WHAT TO WORK ON -> Take the data below and write it out exactly, except for the pictures.

(DATA EXCERPT begins)

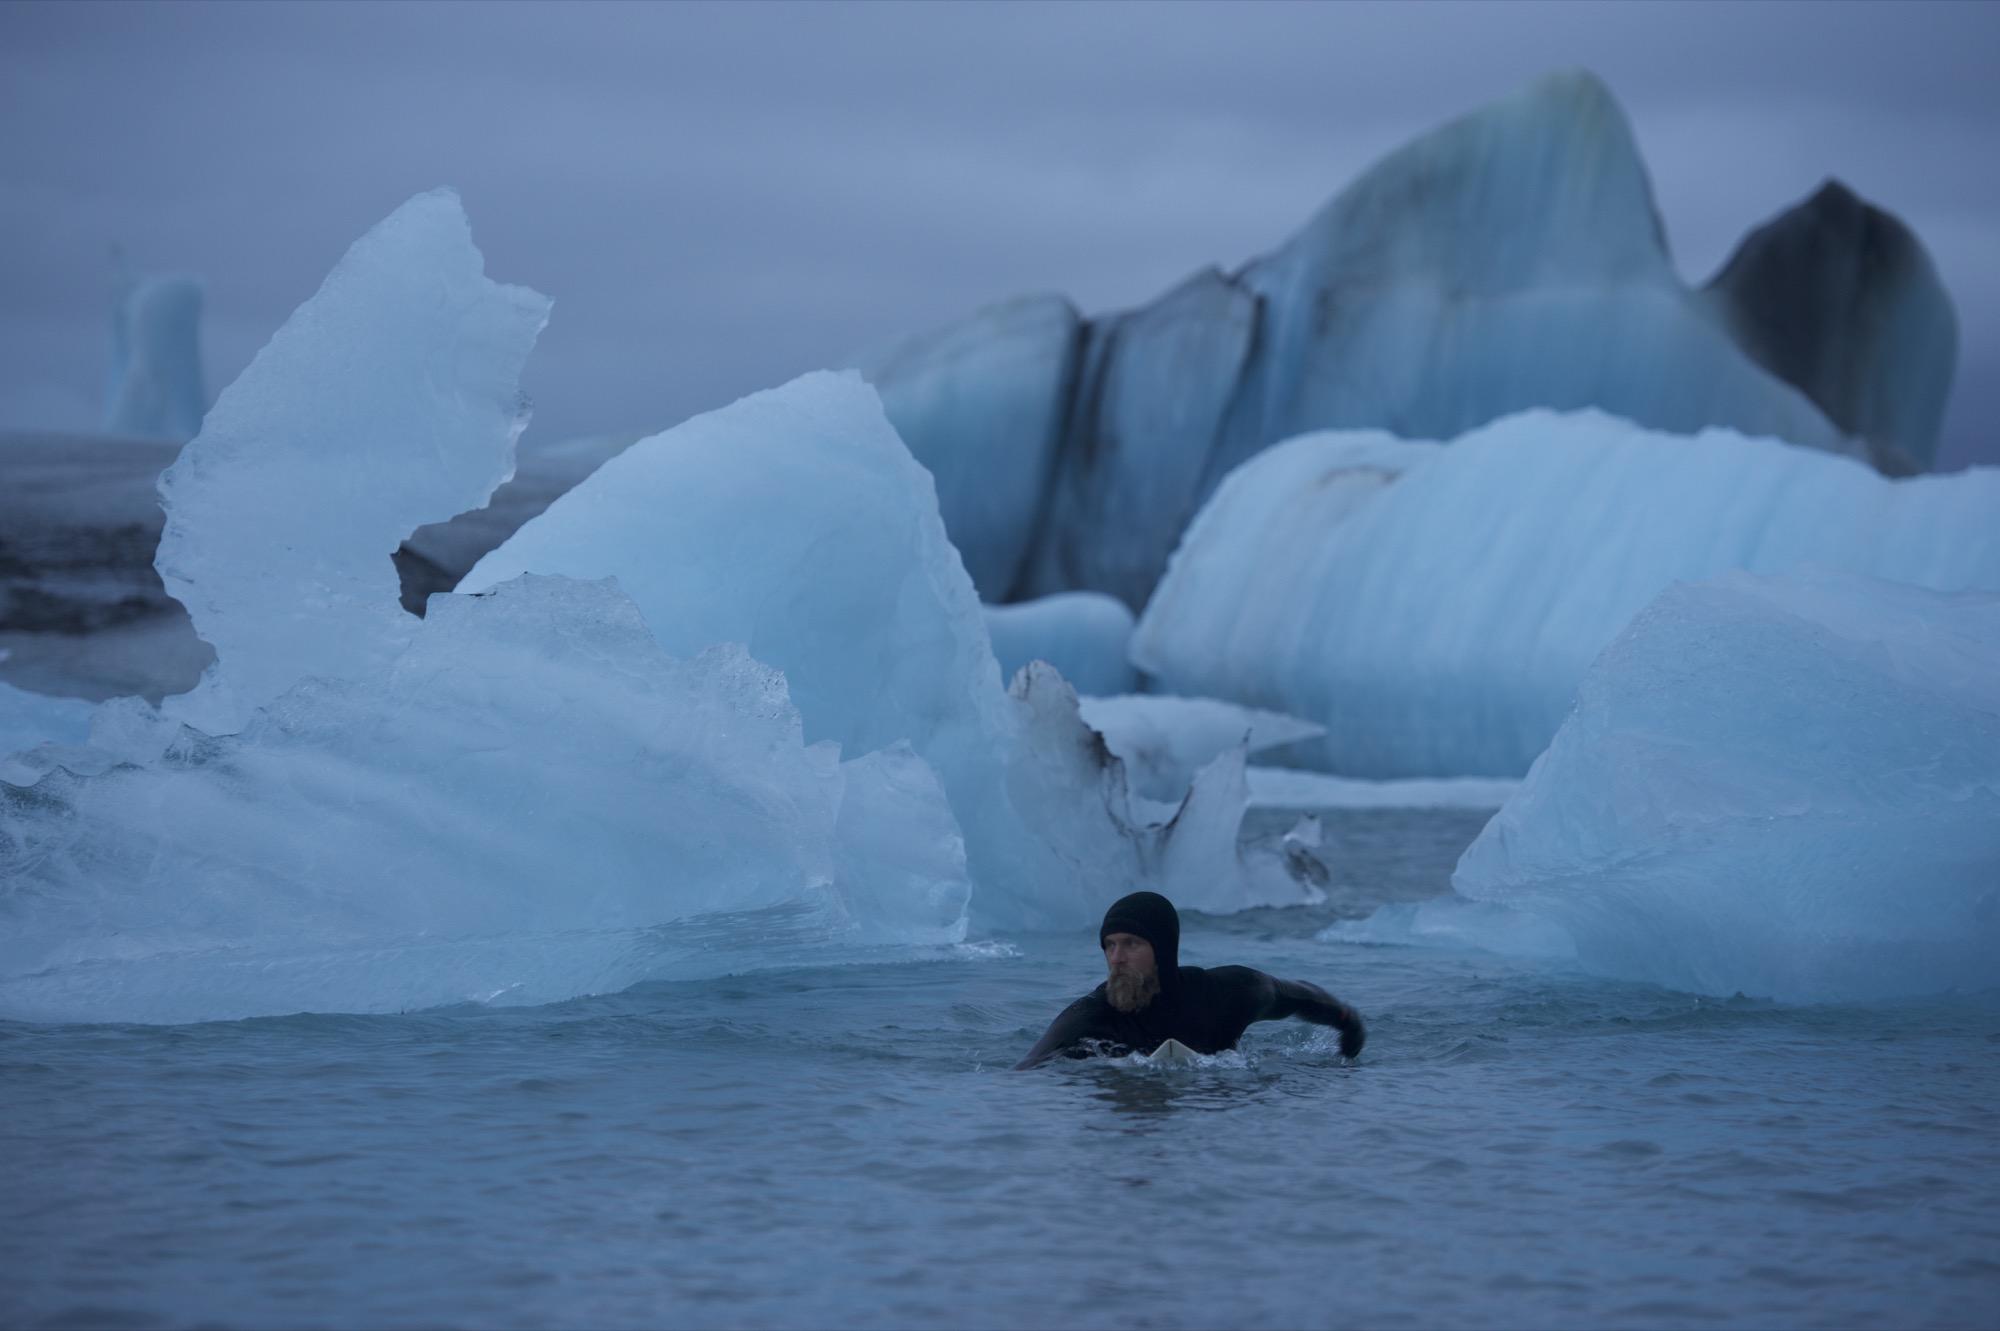 Keith Malloy, Jökulsárlón Glacier Lagoon Water temp: 34° F / 1° C Air temp: 29° F / -2° C Photo by Chris Burkard
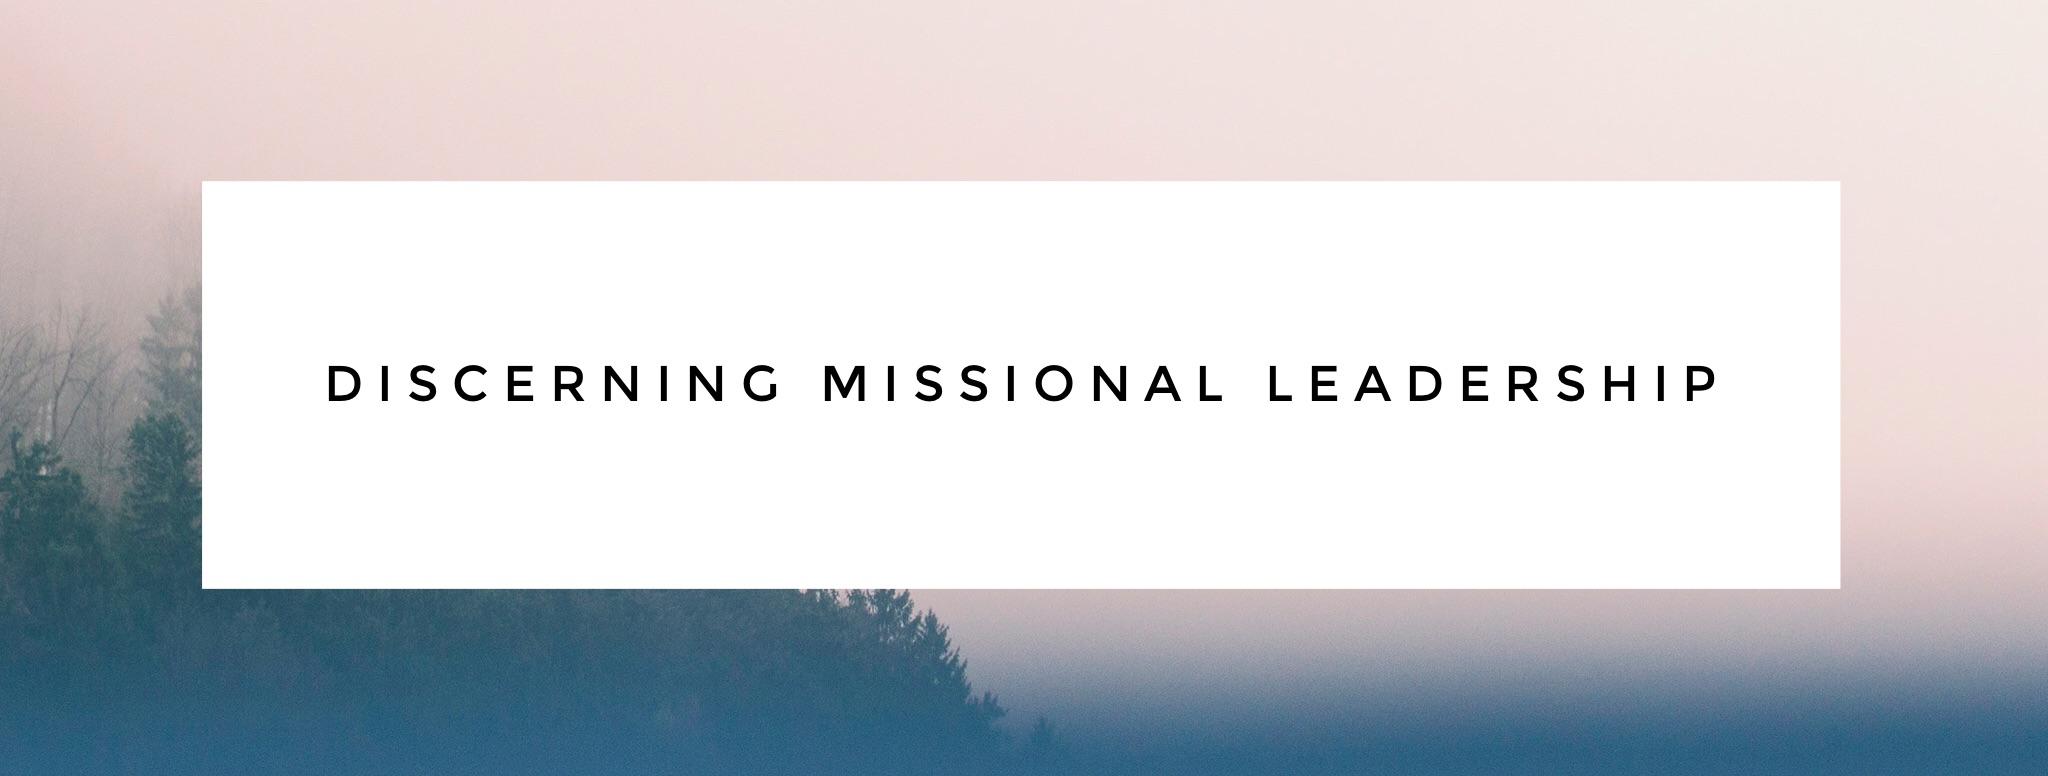 Discerning Missional Leadership.JPG
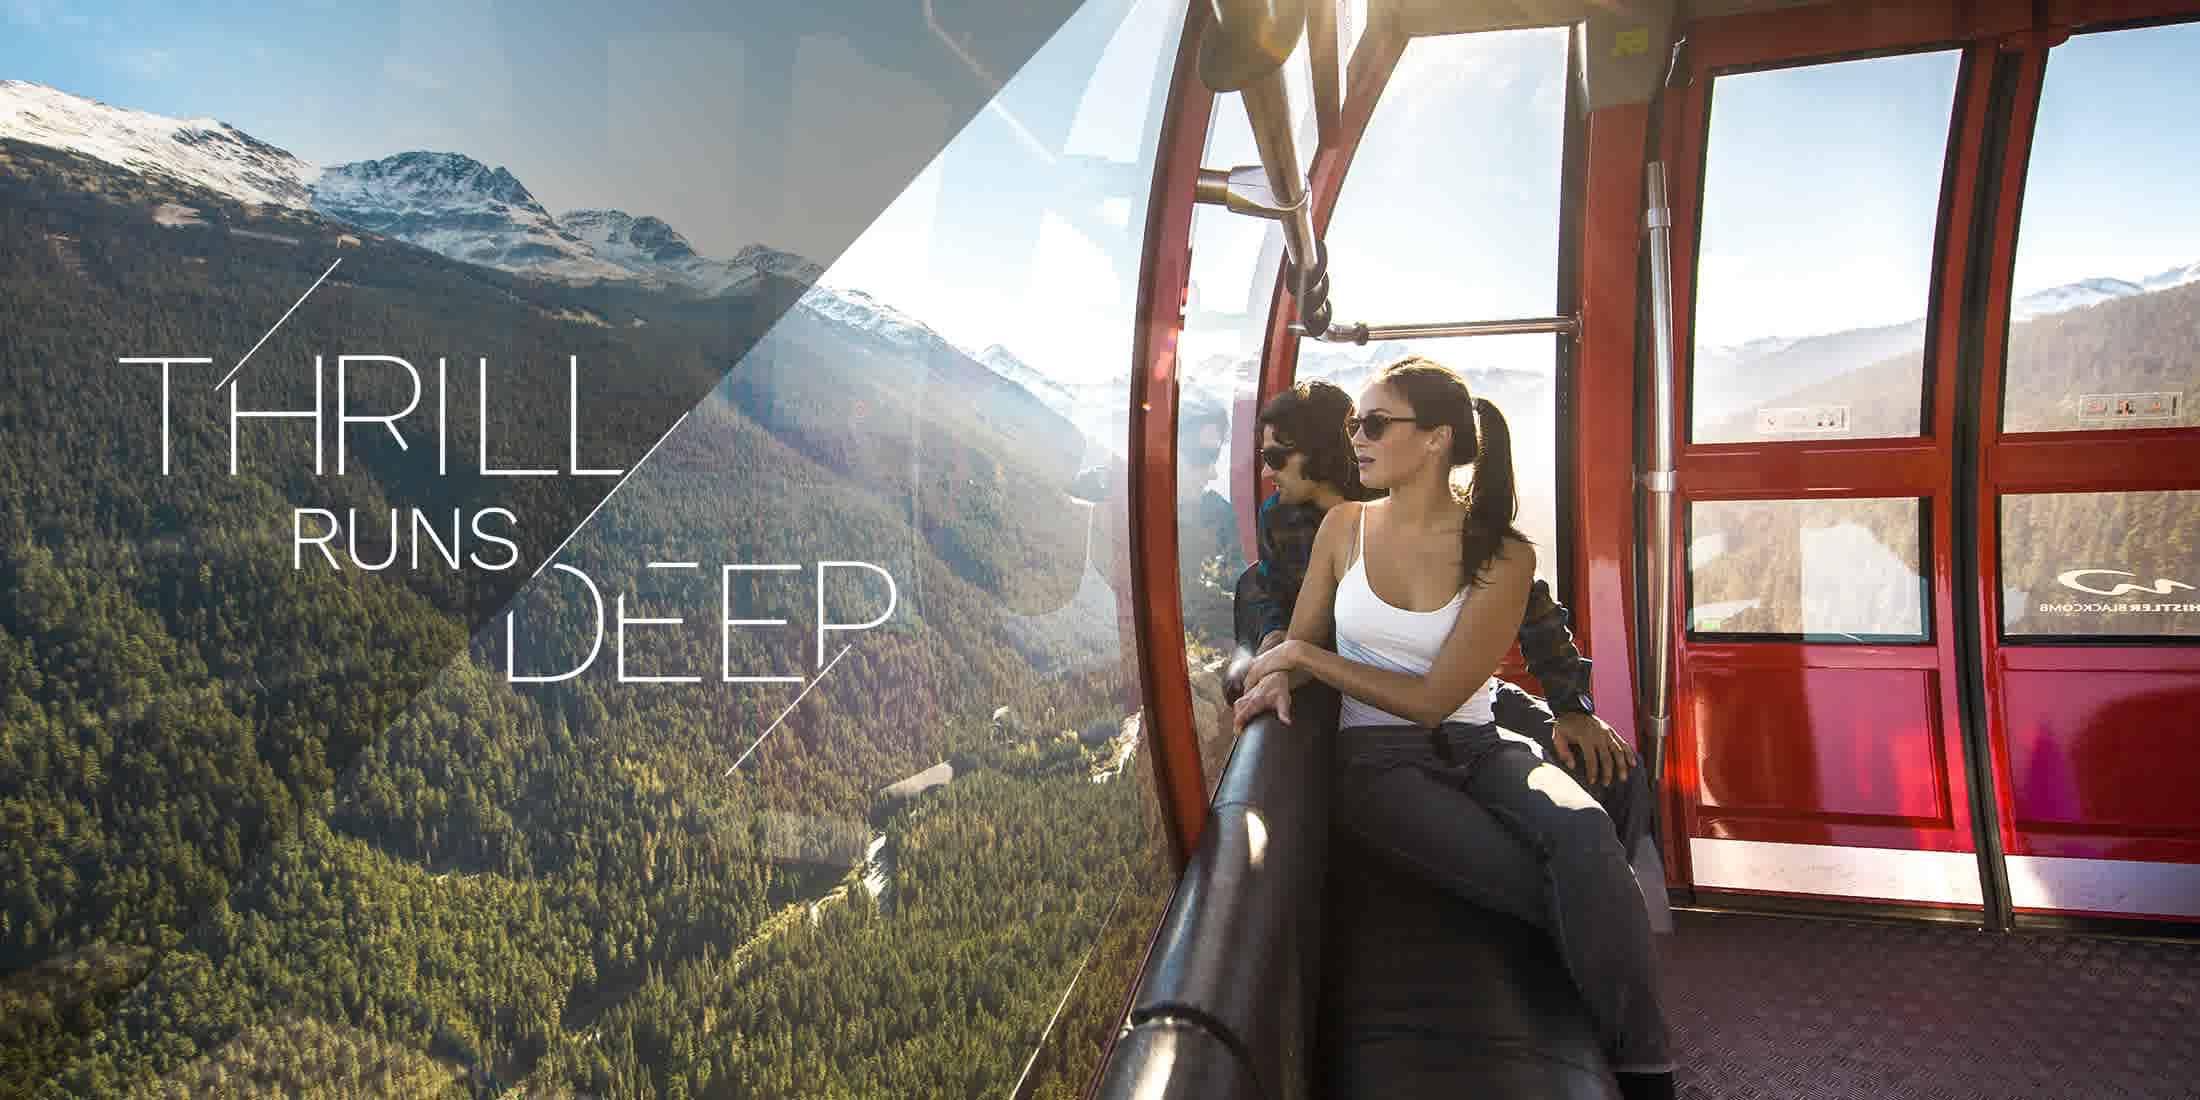 People sightseeing on the PEAK 2 PEAK Gondola in Whistler BC Canada

(DATA EXCERPT ends)

OUTPUT OF THE TASK ->
 Keith Malloy, Jökulsárlón Glacier Lagoon Water temp: 34° F / 1° C Air temp: 29° F / -2° C Photo by Chris Burkard
 Discerning Missional Leadership.JPG
 People sightseeing on the PEAK 2 PEAK Gondola in Whistler BC Canada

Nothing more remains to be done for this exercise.